Sleipnir’s Role in Ragnarok

Unlike the other children of Loki, Sleipnir is not a negative character in Icelandic folklores. During Ragnarok, Loki and his other children (often described as monsters) need to be defeated. We are told in the sagas that leading the charge will be Odin riding Sleipnir.

It might also be natural that Sleipnir is sometimes regarded as a psychopomp. This means “guider of souls”. We know that Odin welcomes the fallen warriors to Valhalla. There are representations of Odin guiding fallen warriors quite a bit. We also have archeological examples, like the Tjangvide runestone that show Sleipnir ushering warriors to Valhalla.

For more information about Sleipnir’s role as a psychopomp and his depiction on the Tjangvide runestone, check out “Of Horses and Men” by the independent scholar, Emiliana Konopka.

Evidence in Literature

A riddle found in the Old Norse Hervarar saga ok heiðreks, mentions the great horse Sleipnir, the son of Loki.

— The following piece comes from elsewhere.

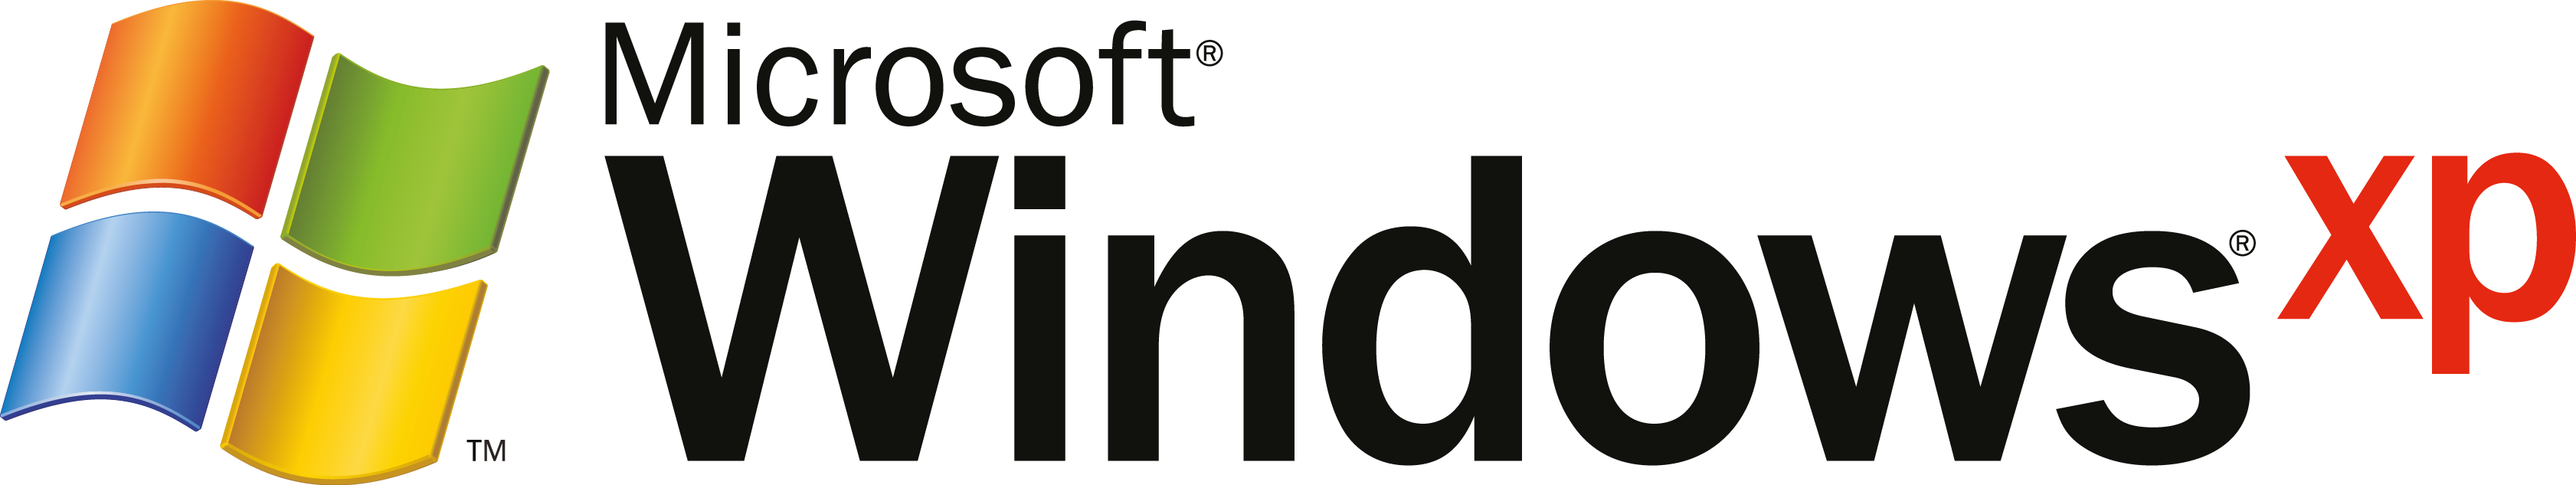 Microsoft Windows Png - Windows Xp Logo Png, Transparent background PNG HD thumbnail

Sleipnir’s name appears again in the 13th century Volsunga Saga. Here he is said to be an ancestor of Grani. Grani was an equally powerful horse owned in later years by the hero Sigurd.

Most Old Norse texts speak of the speed of Sleipnir, and describes him as an extraordinary horse. He is also known to be able to slide easily through the nine realms. This might be linked to Sleipnir’s name, which is said to translate to “the slider”, or “the slipper”.

There is a rare case where we see Sleipnir being ridden by someone other than Odin. In the story of the death of Balder (Old Norse Baldr), we see Sleipnir being ridden into the realm of Hel, by Baldr’s brother Hermóðr. The story says that Sleipnir easily jumped the gates of Hel and was then able to return Hermóðr to the Asgardian Gods.

The Giant Hrungnir and his Horse Gullfaxi

Another mention of Odin’s horse is in the tale of a race between Odin and the giant Hrungnir. In this story, Hrungnir enters Asgard and challenges Odin to a race. He claims that his own horse Gullfaxi was Sleipnir’s equal.

Sleipnir is of course faster and wins this race. The giant Hrungnir is eventually destroyed by Thor in a story I will tell a little later. Do not challenge the gods. Even though this one involved Odin and his horse, you will often hear of Thor cleaning stuff up. He likes to involve himself in feuds and settle them with causal aggression.

Sleipnir in Pop Culture

Modern Viking enthusiasts still like to work in these mythical creatures when they can. So, you might actually be familiar with Sleipnir if you were ever a gamer. The eight-legged horse of Odin made an appearance in the very popular Final Fantasy games as an enemy. The game misuses Sleipnir a bit, since he is kind of an evil character in the game. You need to destroy Sleipnir three times in order to release a boss.

Lots going wrong there. Remember that Sleipnir was the only child of Loki who actually wasn’t thought of as a monster? He was also supposed to be the best and fastest horse, with the ability to fly, and slip between realms. So he totally could have gotten away from any mortal teenager chasing him in a video game.

That’s ok though. I think it’s important to be inspired by popular culture and its references to these ancient and very real characters, so long as you are inspired to go investigate their backstory. This blog seeks you fill you in a bit more on some of these references you may very know!